BC Female Midget AAA Hockey League
- Sport: Ice hockey
- Founded: 2007
- Founder: British Columbia Amateur Hockey Association
- CEO: Jeremy Ainsworth (interim) Jen Cheeseman (interim)
- No. of teams: 5
- Country: Canada
- Confederation: Hockey Canada
- Most recent champion: Greater Vancouver Comets (2018–19)
- Domestic cup: Esso Cup
- Website: Official stats site

= BC Female Midget AAA Hockey League =

Minor ice hockey league in British Columbia

The British Columbia Female Midget AAA Hockey League (BCFMAAA) is the highest-level provincial women's minor ice hockey league in British Columbia, Canada. It is run by the British Columbia Amateur Hockey Association (BC Hockey), a member of Hockey Canada and the regional governing body of ice hockey in British Columbia. The league comprises five teams, representing four geographic "zones", and is played over a 32 game regular season. The winning team of the league playoffs has the opportunity to compete for the ESSO Cup, Hockey Canada's National Female Midget Championship.

== About ==
The BC FMAAA was initiated in the 2007–08 season in response to the membership's desire to provide "an opportunity for elite female hockey players to come together on zone teams to challenge other elite Female Midget teams." It is the women's counterpart of the BC Major Midget League.

Prior to the 2015–16 season, local minor hockey associations were required to host their major midget teams, and oversee them accordingly. Beginning in the 2015–16 season, the oversight of teams and registration of players was centralized under the provincial association, BC Hockey, with the intention of moving toward greater standardization. BC Hockey became responsible for creating the league's schedule, administrating the league's finances, funding and scheduling ice and dryland training, and providing honorariums for team staff. An academic advisor was made available to all teams to educate players about post-secondary options. Through BC Hockey's partner agreements, the FMAAA teams receive support in the form of uniforms, equipment, and team apparel from Bauer Hockey; charter bus transportation from International Stage Lines; and accommodation from Sandman Hotels.

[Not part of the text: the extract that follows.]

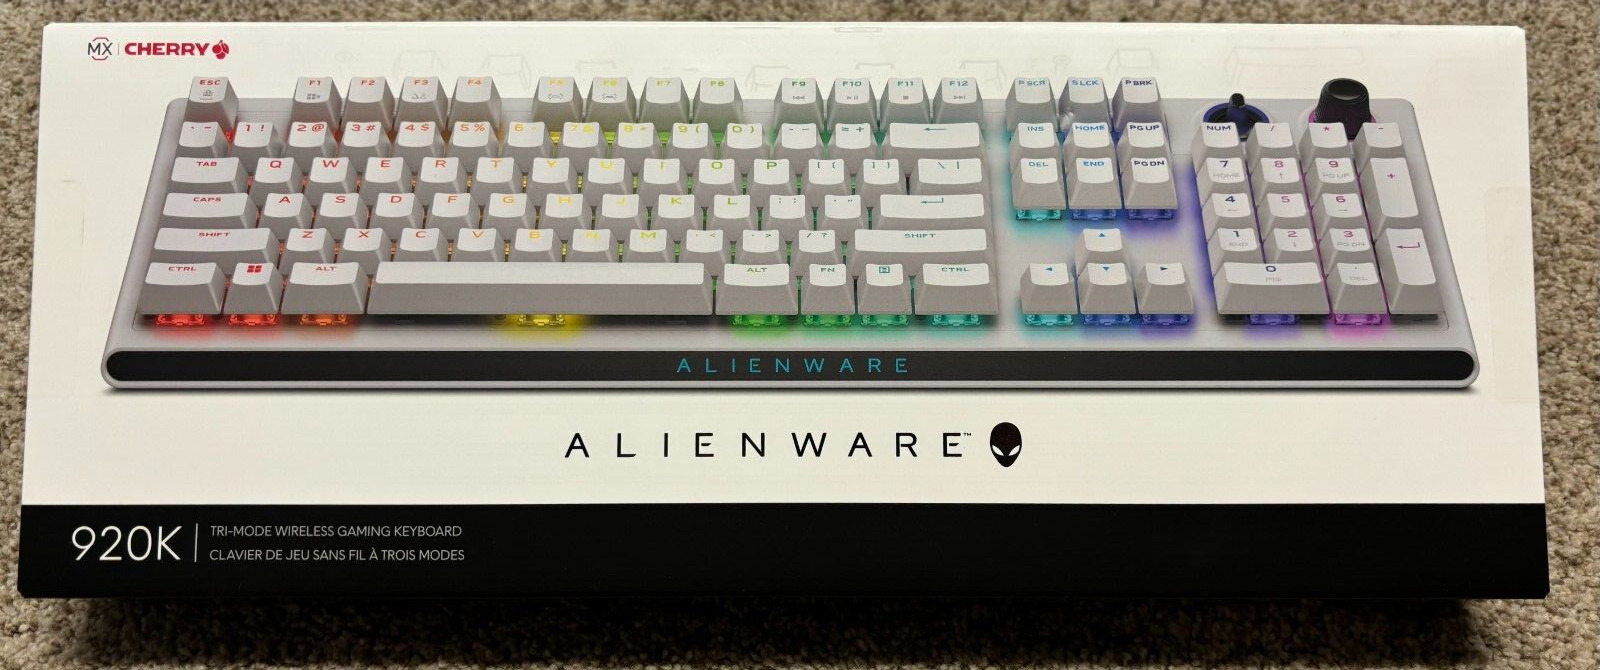 Alienware AW920k TRI-Mode RGB Wireless Gaming Keyboard - Cherry

Members of the Vancouver Island Seals and their parents registered complaints with the media in April 2019 about the Vancouver Island Amateur Hockey Association (VIAHA) and BC Hockey's handling of the team. Yannick Truter, the Seals' captain during the 2018–19 season, called on BC Hockey to refund the approximately $7,500 the organization collected from each player, after the team was provided only two practice slots for the entire season and four slots for games. They alleged that "without club and parental support, as well as sympathetic local associations and rinks, the team wouldn’t have been able to function." The situation was underscored by the downward trend of VIAHA participation by female players, which decreased from 390 registered players in 2014 to just 260 players five years later.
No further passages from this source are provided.